Hugging Face Native Format (./hf/)

  • hf/model.safetensors: The raw, unquantized model weights containing standard query/key/value projections with biases, routing router layers, and MoE experts stored in secure Safetensors format.
  • hf/config.json: The architectural configuration file defining MoE hyperparameters (6 layers, 8 heads, 2 local experts, 1 active expert, shared parameters, weight-tying, standard dimensions, and YaRN scaling parameters).
  • hf/generation_config.json: Default parameters optimized for text generation.
  • hf/tokenizer_config.json: Tokenizer behavior layout specifying the custom ChatML/Qwen3 fast tokenizer setup.
  • hf/special_tokens_map.json: Architectural mappings tying special characters to the token blocks.
  • hf/tokenizer.json: The custom Byte-Level BPE tokenization descriptor layout trained with a base size of 1000.

πŸš€ Usage Examples

Loading Hugging Face Formats via Python

To match the dataset structure used during training, encode text with add_special_tokens=False and manually prepend the exact BOS token ID (1000). This ensures perfect token alignment and accurate MoE forward pass sampling.

import torch
from transformers import PreTrainedTokenizerFast, Qwen3MoeForCausalLM

repo_id = "shibatch/tinyqwen3moe2m"

# Load via PreTrainedTokenizerFast to preserve the vocabulary configuration safely
tokenizer = PreTrainedTokenizerFast.from_pretrained(repo_id, subfolder="hf")
model = Qwen3MoeForCausalLM.from_pretrained(repo_id, subfolder="hf")

prompt = "Once upon"

# Tokenize without injecting automatic special tokens
input_ids = tokenizer.encode(prompt, add_special_tokens=False)
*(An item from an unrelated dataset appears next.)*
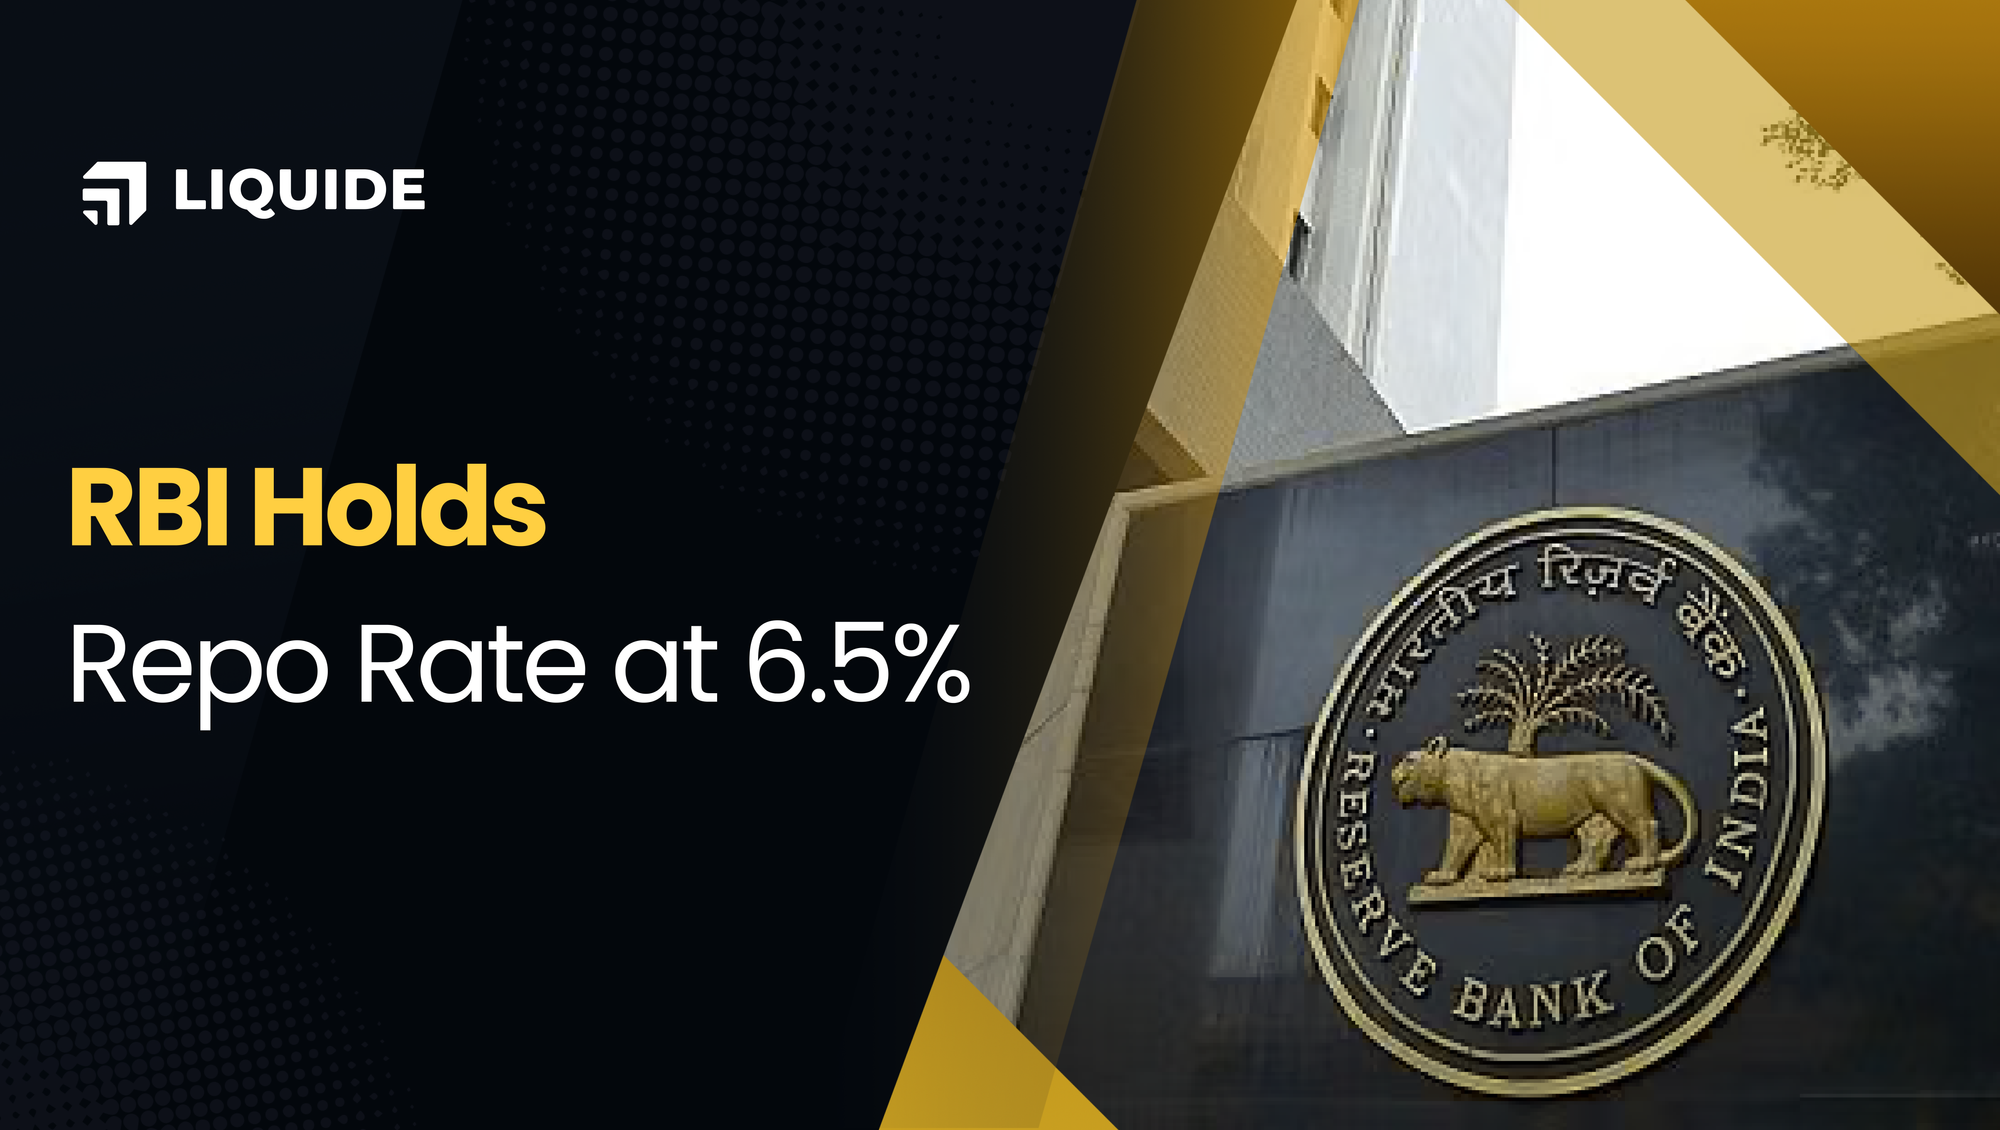 RBI Maintains Repo Rate at 6.5%: Analysing the Market's Positive Reaction

# Manually prepend the exact BOS token ID (1000) to match the training pipeline layout
input_ids = [tokenizer.bos_token_id] + input_ids
inputs = {"input_ids": torch.tensor([input_ids])}

with torch.no_grad():
    outputs = model.generate(
        **inputs, 
        max_new_tokens=100, 
        do_sample=False,        # Forces deterministic greedy decoding
        repetition_penalty=1.0,
        top_p=1.0,
        bos_token_id=tokenizer.bos_token_id,
        eos_token_id=tokenizer.eos_token_id,
        pad_token_id=tokenizer.pad_token_id
    )

print(tokenizer.decode(outputs[0], skip_special_tokens=True))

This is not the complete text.